Over the years, Barbie has sported all sorts of looks and been ready for a wide range of action-packed activities. Today Mattel Inc has taken her one step further, creating a new range to represent the amazing women responsible for vital work during the pandemic.
Six incredible women from around the world have been immortalised by Barbie in order to recognise and support amazing achievements in their response to COVID-19 – and to show young girls everywhere that anything is possible.

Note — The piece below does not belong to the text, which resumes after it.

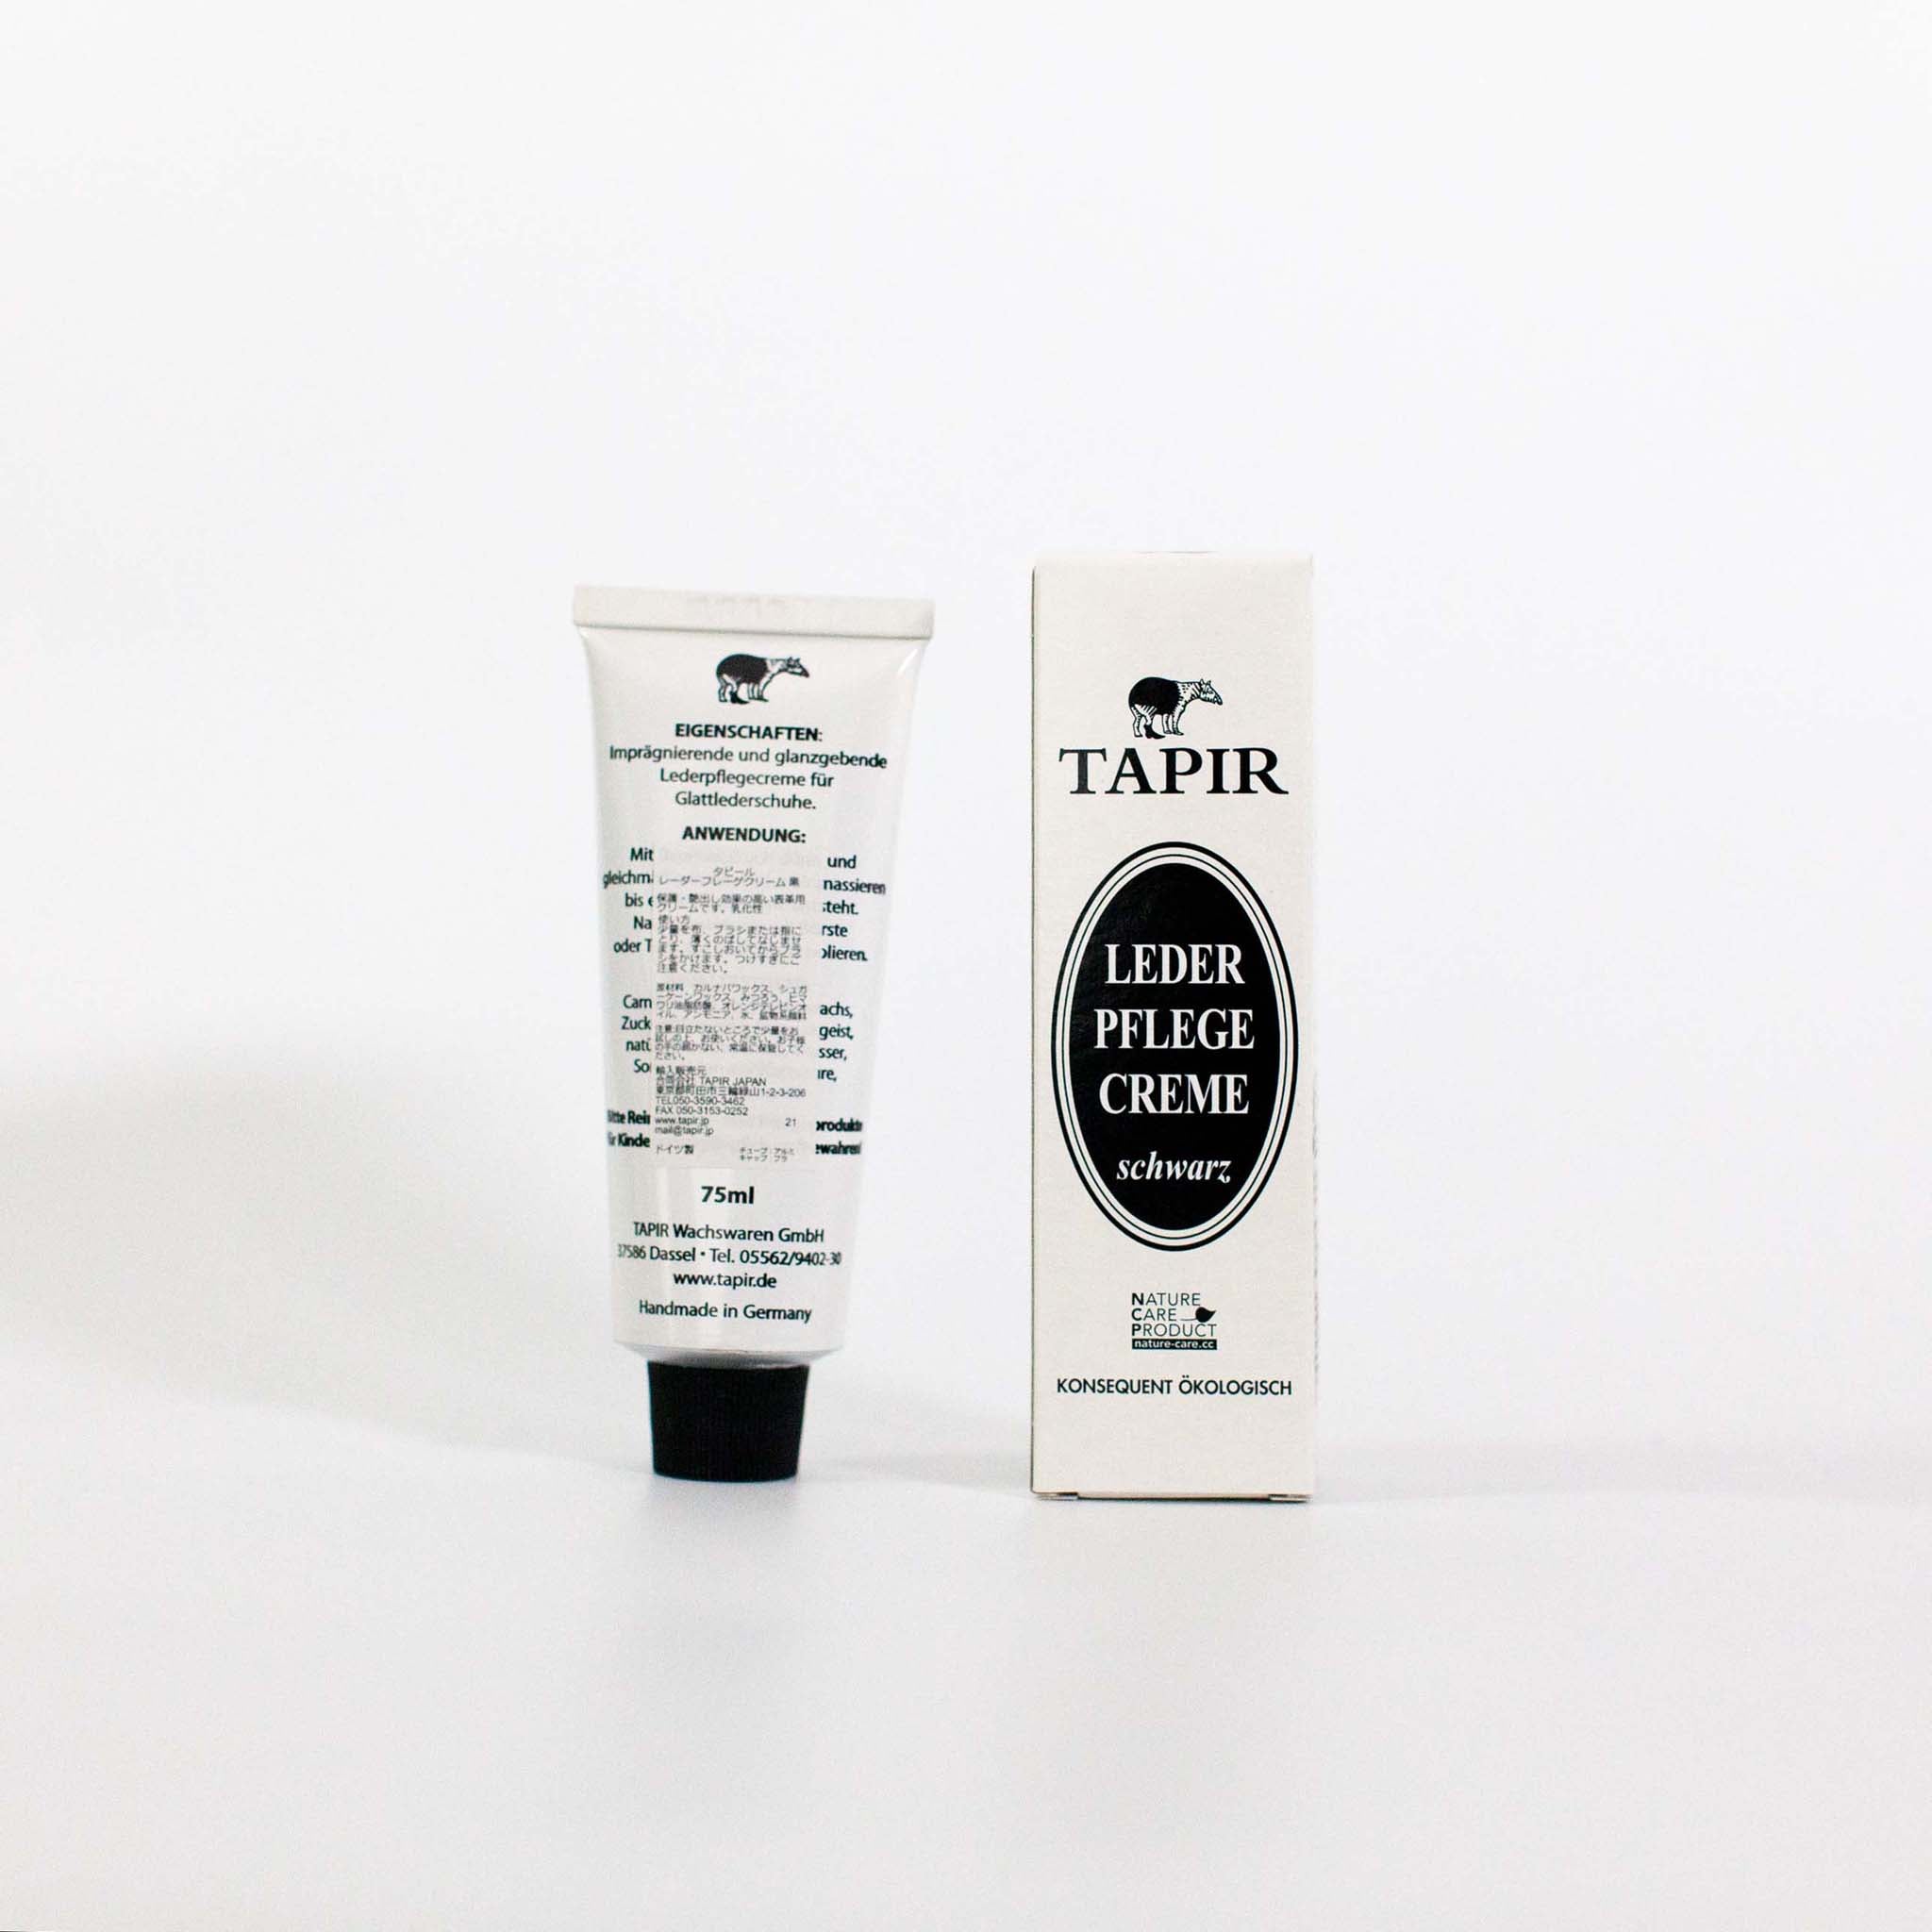 Tapir Rader Frege Cream

“Barbie recognises that all frontline workers have made tremendous sacrifices when confronting the pandemic and the challenges it heightened,” said Lisa McKnight, senior vice-president and global head of Barbie and dolls at Mattel. “To shine a light on their efforts, we are sharing their stories … to inspire the next generation to take after these heroes and give back.”
British vaccinologost and co-developer of the Oxford/Astra Zeneca vaccine Professor Sarah Gilbert was recently made a dame – and now to top it off, she has received another honour with Barbie being made in her image. “It’s a very strange concept to have a Barbie doll created in my likeness,” she said in an interview for Mattel. “I hope it will be part of making it more normal for girls to think about careers in science.”

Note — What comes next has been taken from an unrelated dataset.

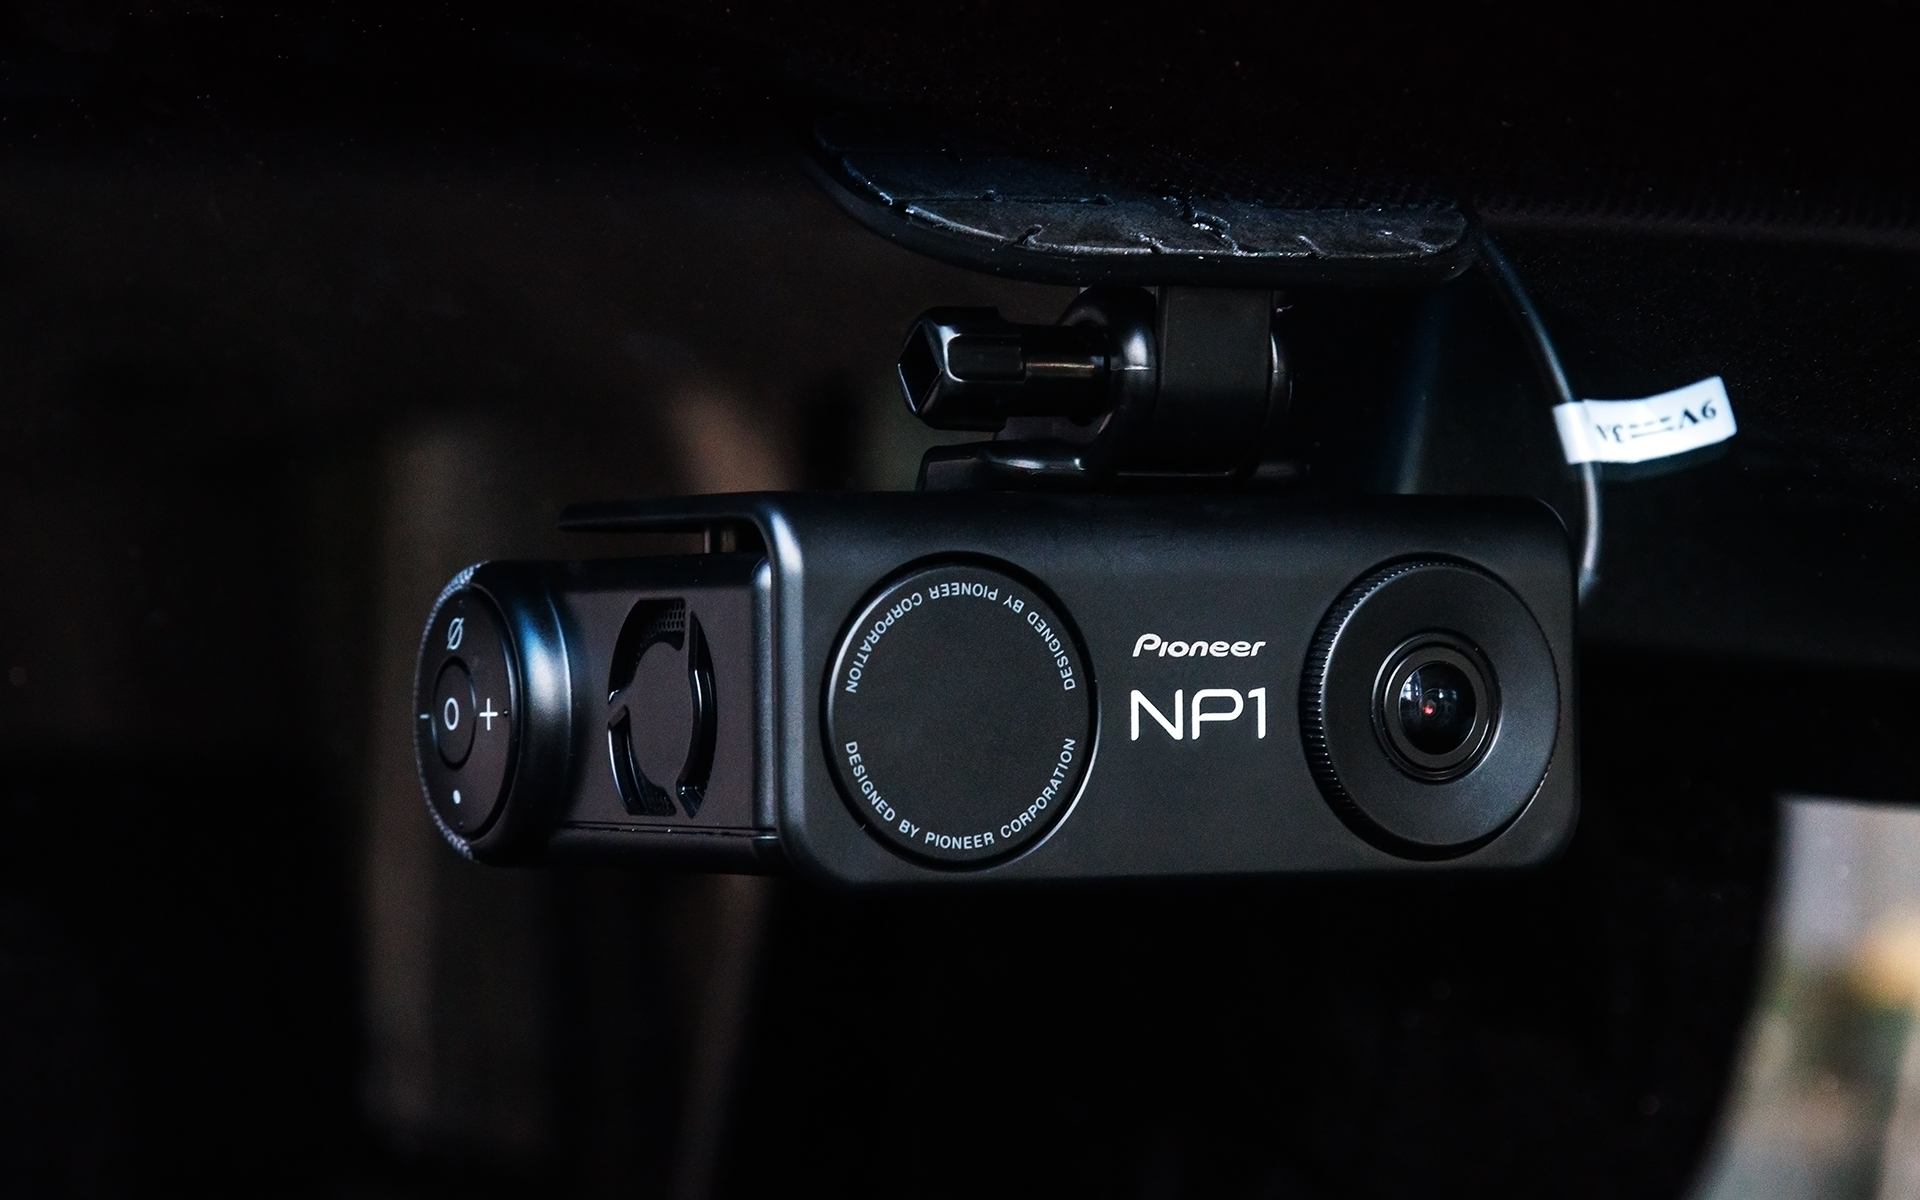 パイオニア、カーナビとドライブレコーダー機能が合体した新製品「NP1

The Barbie looks just like Professor Gilbert with her long wavy auburn hair, her oversized black glasses and her blue navy pantsuit with white blouse.
Oxford/AstraZeneca vaccine co-developer Sarah Gilbert is honored with a Barbie doll. Gilbert’s Barbie shares the scientist’s long auburn hair, oversized black glasses and wears a navy blue pantsuit and white blouse https://t.co/fMICB5rcKr pic.twitter.com/2tgDNjahua— Reuters (@Reuters) August 5, 2021
Another incredible woman to be honoured by Barbie is Dr Kirby White, an Australian who co-created a line of surgical gowns that can be washed and re-used by front line workers during the pandemic. Dr White developed initiative Gowns for Doctors at the beginning of the COVID-19 pandemic in Australia, then then raised more $40,000 through lobbying and fundraising to create thousands of much-needed gowns for GPs.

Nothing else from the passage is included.